[Activity] Copy the data exactly. Images are the one exception.

[Data shown]

• • • • •

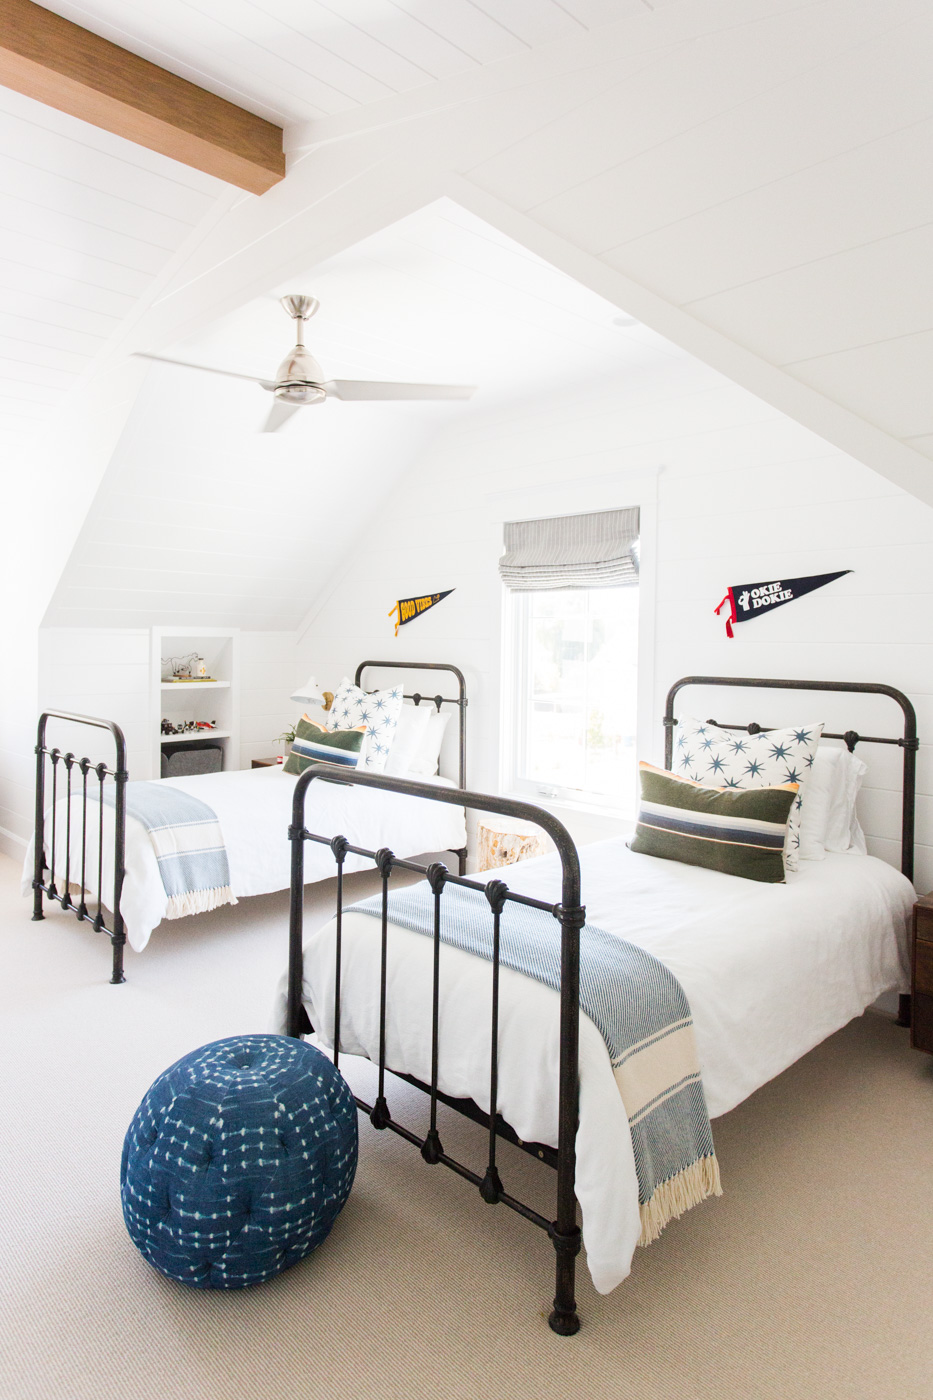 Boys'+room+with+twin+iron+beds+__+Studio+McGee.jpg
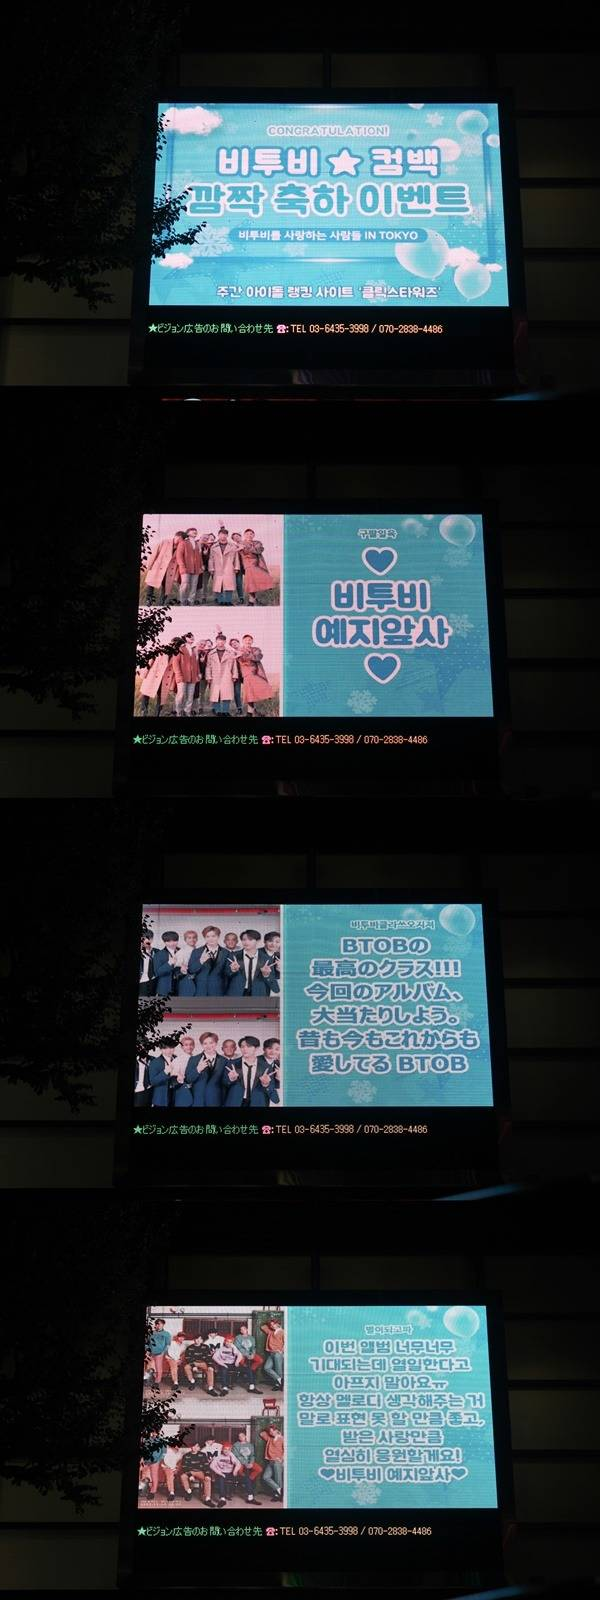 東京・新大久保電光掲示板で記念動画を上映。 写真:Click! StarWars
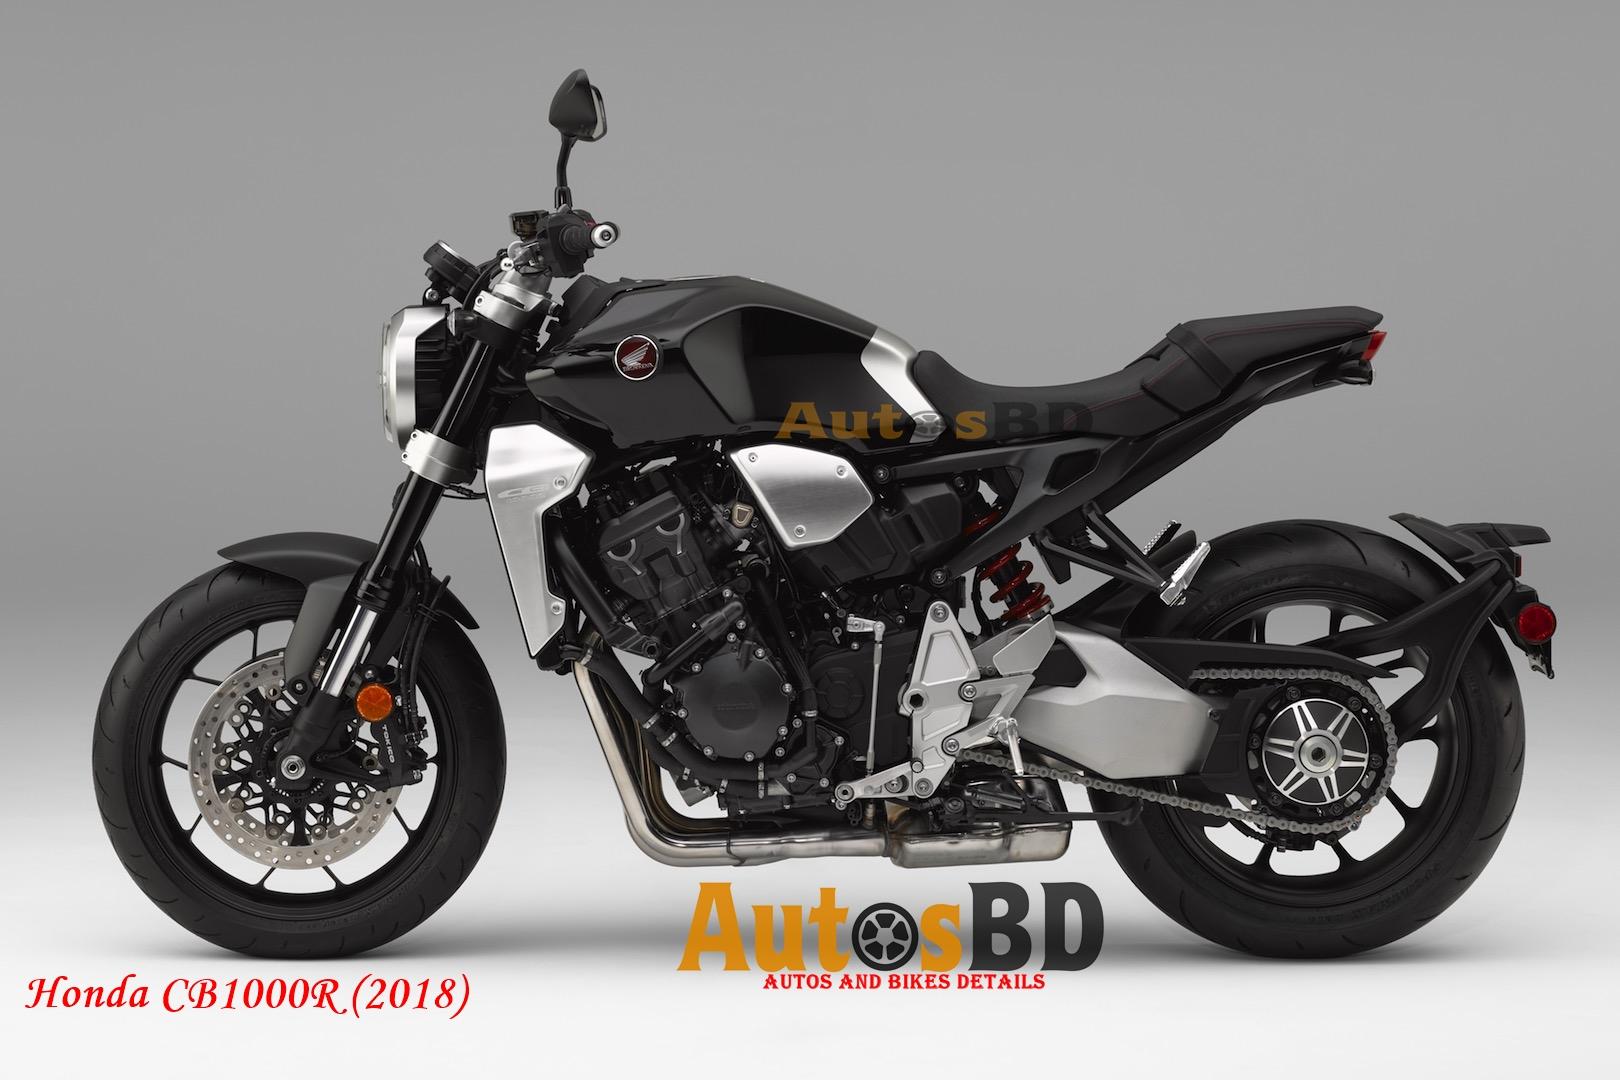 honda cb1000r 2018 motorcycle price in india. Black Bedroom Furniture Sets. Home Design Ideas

• • • • •

[Problem solution]
 Boys'+room+with+twin+iron+beds+__+Studio+McGee.jpg
 東京・新大久保電光掲示板で記念動画を上映。 写真:Click! StarWars
 honda cb1000r 2018 motorcycle price in india. Black Bedroom Furniture Sets. Home Design Ideas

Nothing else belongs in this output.